Atlanta Braves – No. 98
- Infielder
- Born: December 29, 1973 (age 52) Barquisimeto, Lara State, Venezuela
- Batted: SwitchThrew: Right

MLB debut
- May 3, 1995, for the Toronto Blue Jays

Last MLB appearance
- April 21, 2008, for the Houston Astros

MLB statistics
- Batting average: .240
- Home runs: 24
- Runs batted in: 180
- Stats at Baseball Reference

Teams
- As player Toronto Blue Jays (1995–1998); Philadelphia Phillies (2000–2005); Tampa Bay Devil Rays (2006); Houston Astros (2008); As coach Atlanta Braves (2020–present);

Career highlights and awards
- World Series champion (2021);

Member of the Venezuelan

Baseball Hall of Fame
- Induction: 2026
- Vote: 75%
- Election method: Contemporary Committee

= Tomás Pérez =

Venezuelan baseball player and coach (born 1973)

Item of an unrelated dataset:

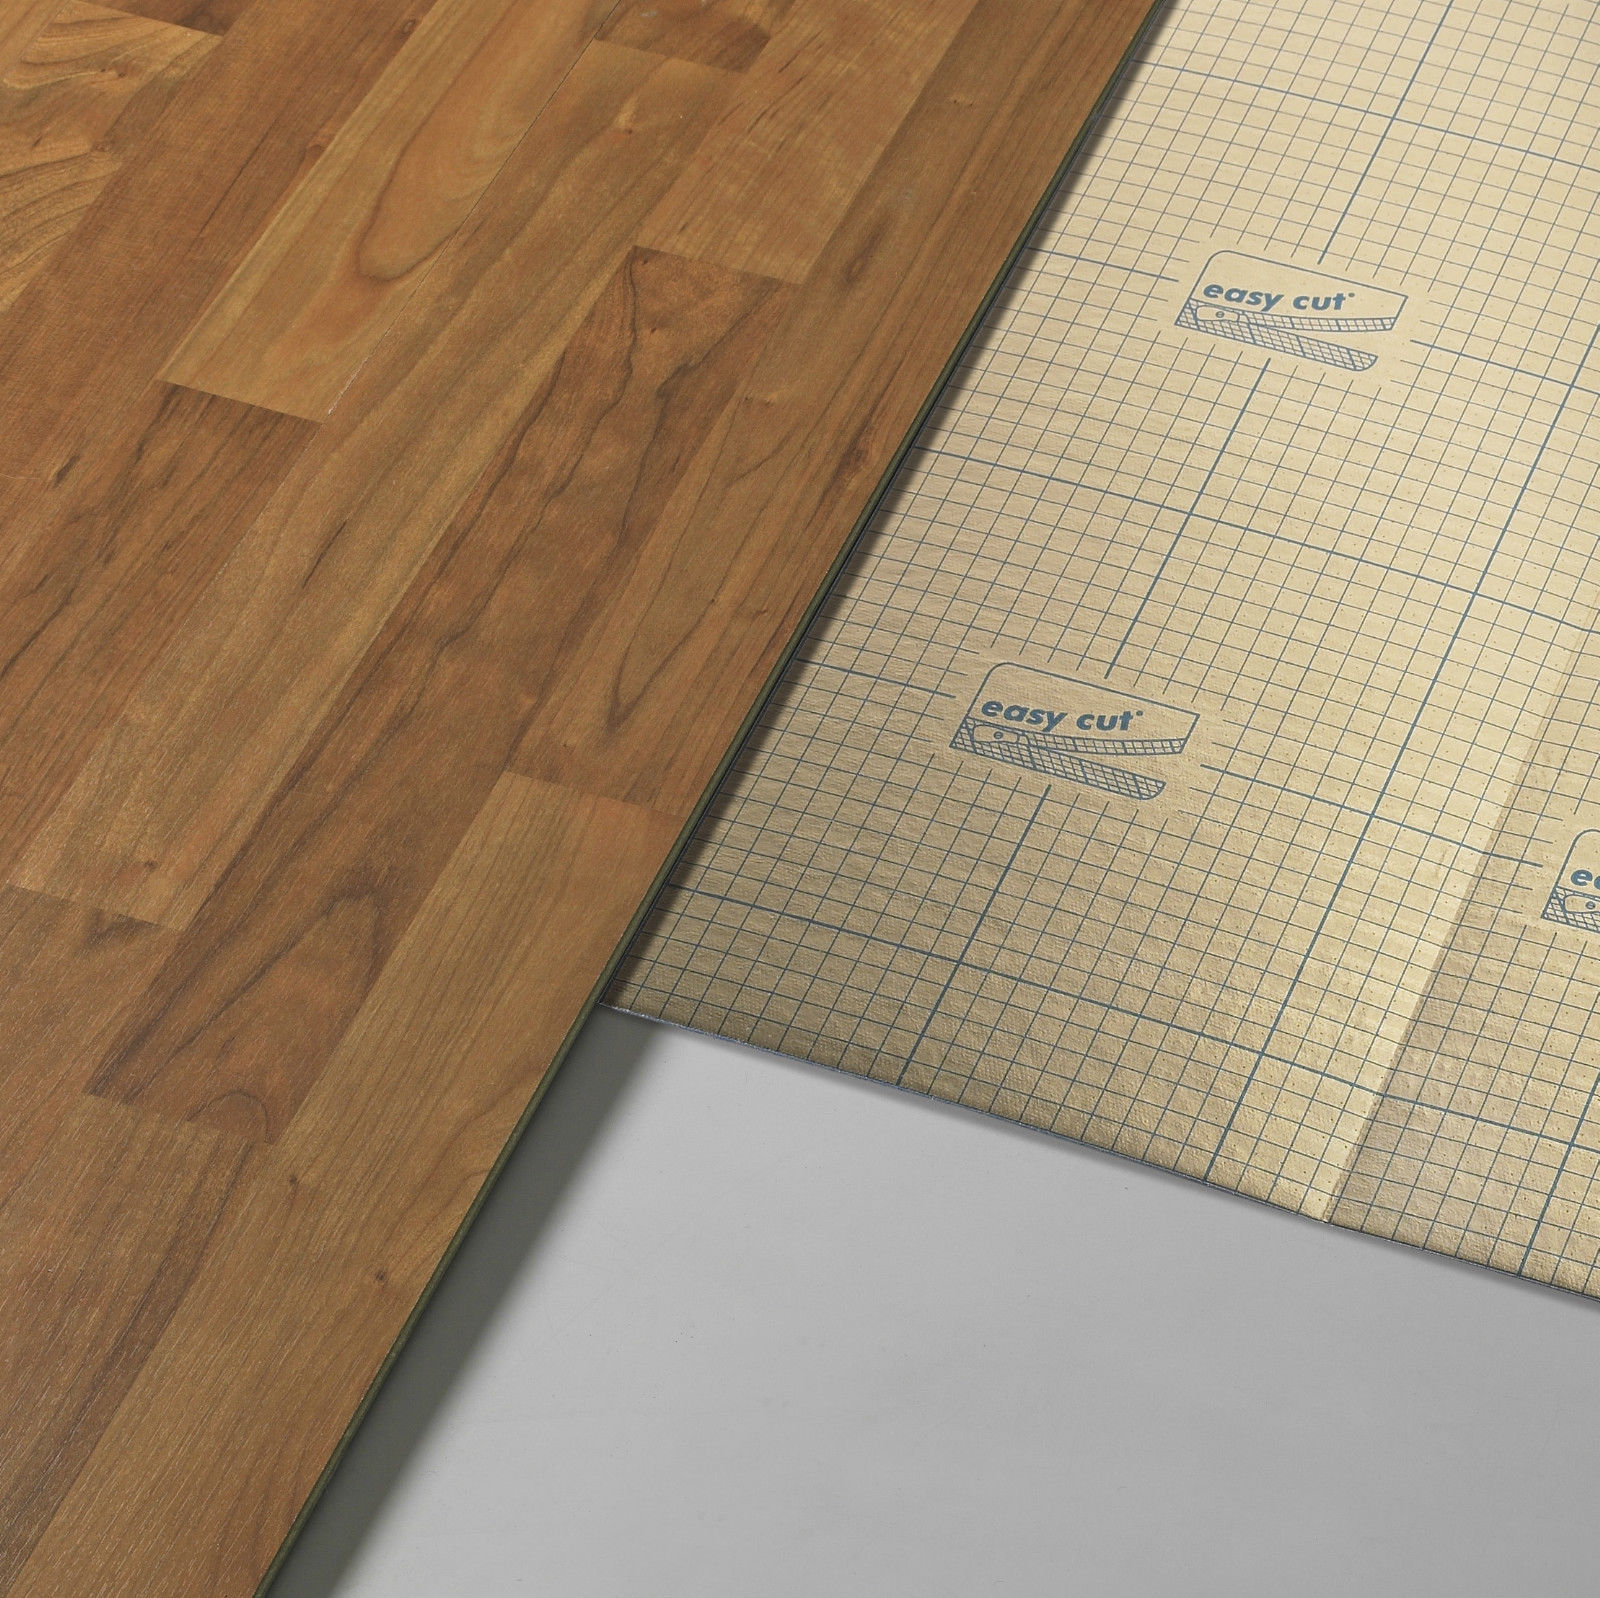 hori vinylboden pvc klick boden eiche ambiente sydney. Black Bedroom Furniture Sets. Home Design Ideas

Tomás Orlando Pérez Garcia (born December 29, 1973) is a Venezuelan former professional baseball infielder and current batting practice pitcher for the Atlanta Braves of Major League Baseball (MLB). Pérez was a utility infielder who throws right-handed and switch hits.

Before landing in Philadelphia in 2000, Pérez had played for the Toronto Blue Jays from 1995 to 1998, where he was selected under the provisions of the Rule 5 draft. He has also played for the Tampa Bay Devil Rays and the Houston Astros at the MLB level. Pérez is considered to be versatile because of his ability to play all four infield positions.

==Professional career==
Pérez had his best year in 2003. Shifted between third base, second base, first base, shortstop, right field, and also as an emergency pitcher, Pérez was an asset off the bench. Known for throwing shaving cream pies, Pérez was a popular player with both fans and teammates alike in his six years in Philadelphia.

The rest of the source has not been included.